The Article: The Real Battle in Uganda by Jackee Budesta Batanda in Foreign Policy Magazine.

The Text: While the rest of the world jumps onto the Kony2012 bandwagon — wrongly assuming that the main problem in Uganda is the Lord’s Resistance Army — Ugandans are worrying about the much more urgent problem plaguing their country: nodding disease.

The cause of the disease is unknown. It affects thousands of children in Northern Uganda, causing symptoms similar to epilepsy, but with more severe mental and physical retardation. (The photo above shows 12-year-old Nancy Lamwaka, a victim of the disease.) Yet the Ugandan government has been notably slow to deal with the problem.

A lot has happened since I last blogged about the government’s strange priorities. As I noted at the time, the Ugandan president’s office requested additional funding for its own needs that amounted to nine times of what the Health Ministry had specified for its first response to the disease.

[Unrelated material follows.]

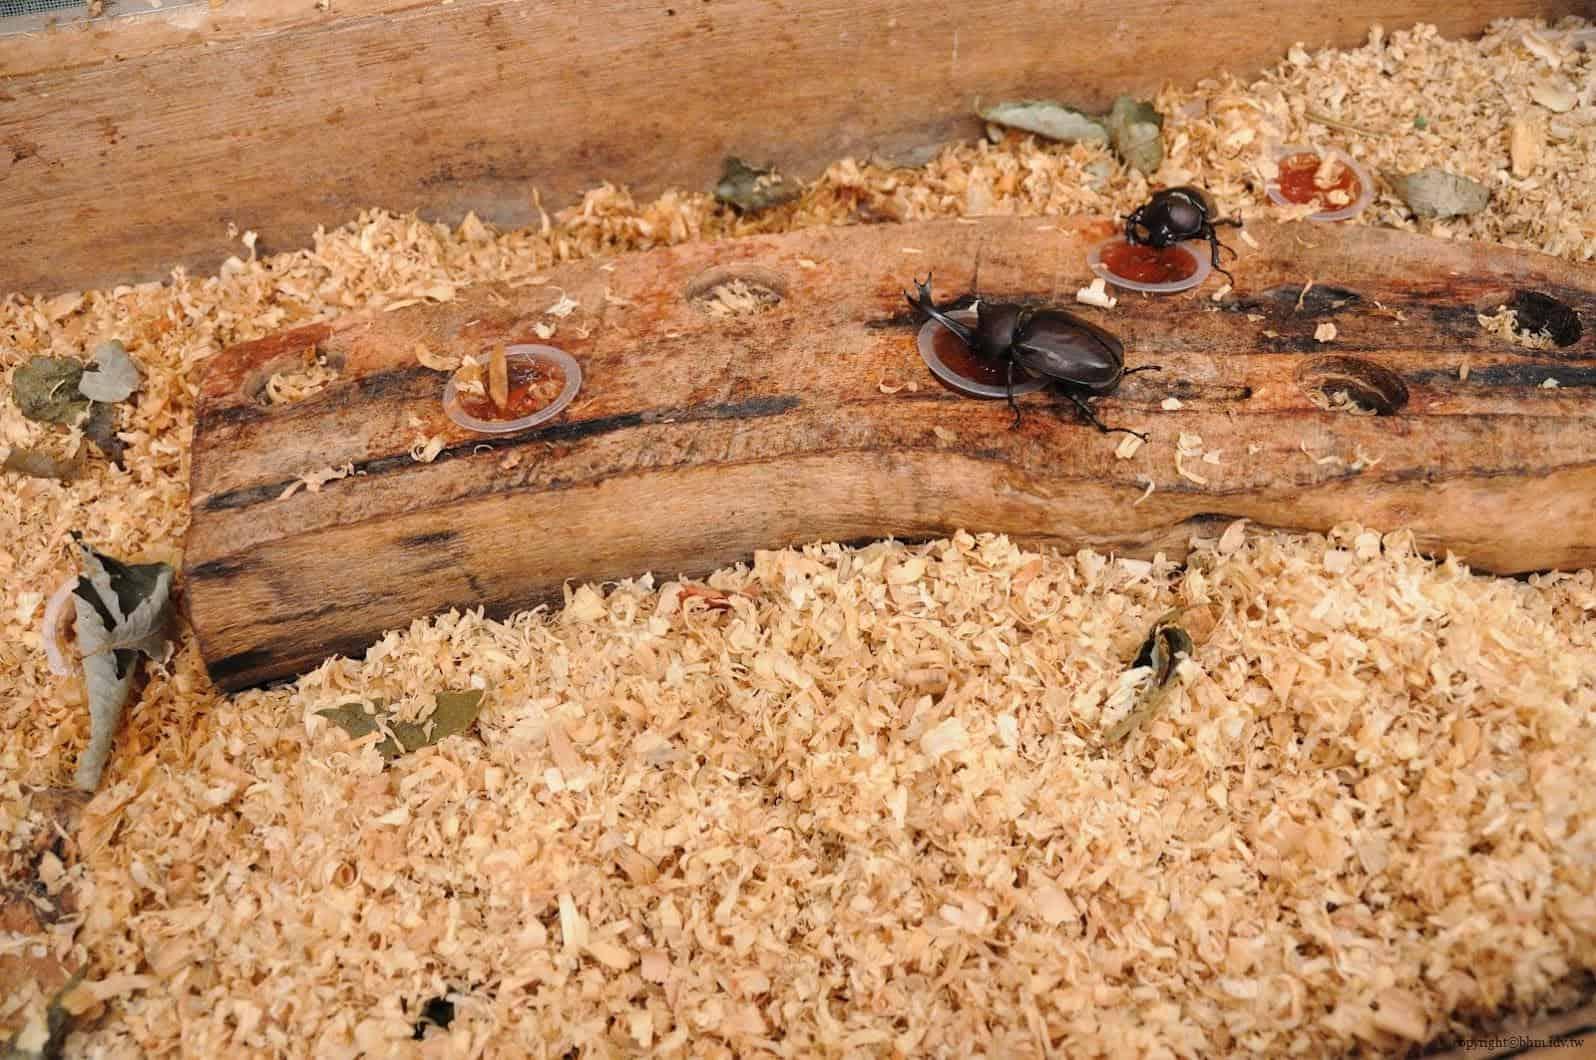 手塚貴晴+手塚由比,十日町市立里山科學館「森林學校」,介紹松之山區域自然與文化的自然科學館,裡面最讓我驚訝的甲蟲就這樣近距離讓遊客接觸,也第一次了解他們食物,處處充滿驚喜 十日町市立里山科學館 十日町市立里山科學館/森林學校 echigo matsunoyama museum of natural science 07

The government’s failure to allocate resources to this threat raises serious questions about its competence and its commitment to dealing with crises.

So the Hon Beatrice Anywar, an MP for Kitgum District, decided to take action: she ferried a number of children from her constituency to Mulago National Referral Hospital in the capital, Kampala. There were reports that the police tried to stop the bus from leaving Kitgum for fear that she would parade the children before Parliament.

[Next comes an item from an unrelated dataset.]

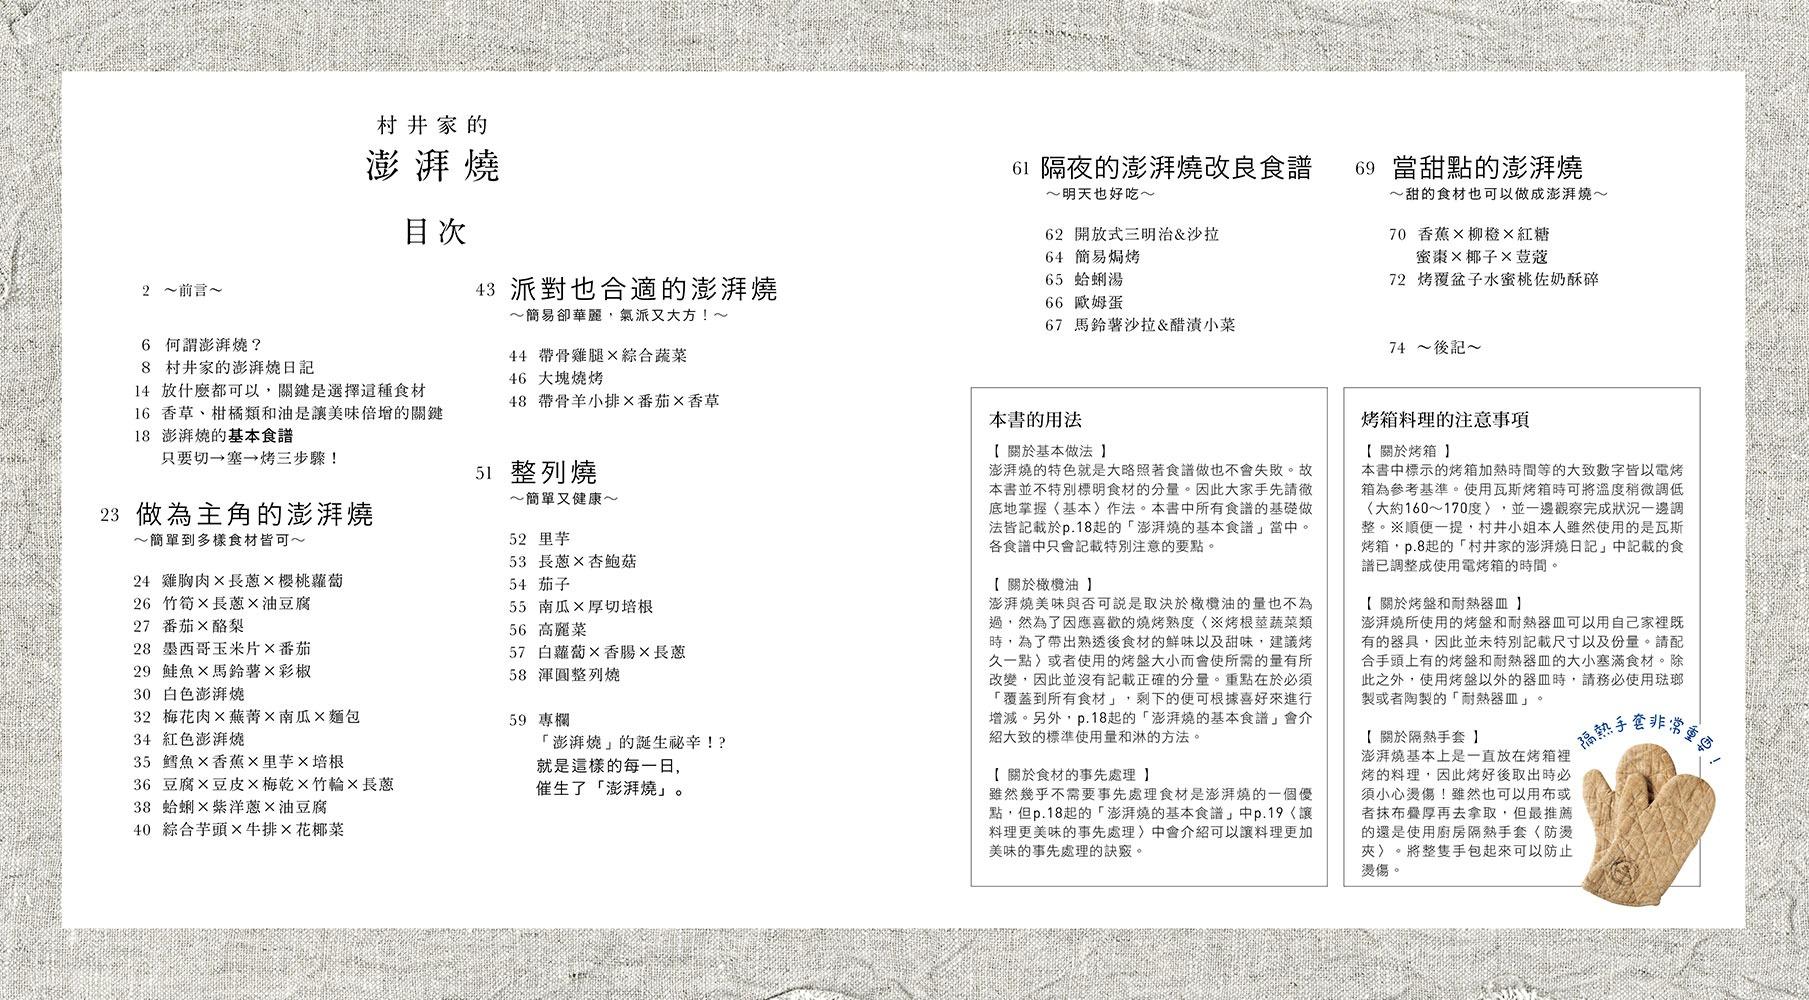 ◤博客來BOOKS◢ 暢銷書榜《推薦》澎湃燒:塞好、塞滿!懶人也可輕鬆上手的日本超人氣烤箱料理

When the sick children arrived in Mulago, journalists had a field day taking pictures. While the ethics of this display are questionable, I think it was necessary in order to shock our leaders into action. And Anywar did exactly that by bringing nodding disease to our doorstep. The issue can no longer be ignored.

The president later visited the victims at Mulago, where he promised more government support.

In the spirit of International Women’s Day, women activists in Uganda tied themselves to trees today in solidarity with Northern Ugandan mothers whose children are afflicted by the disease. Parents are often compelled to tie their sick children to trees to protect them from falling down or wandering off.

The gravity of the problem has been aptly described by women’s rights activist Jackline Asiimwe: “It is not acceptable for any parent to think that the only option left to save their children is by tying them to trees when they have a government whose mandate is to ensure that the citizens exercise their right to good health and access to medical attention wherever and whenever necessary.”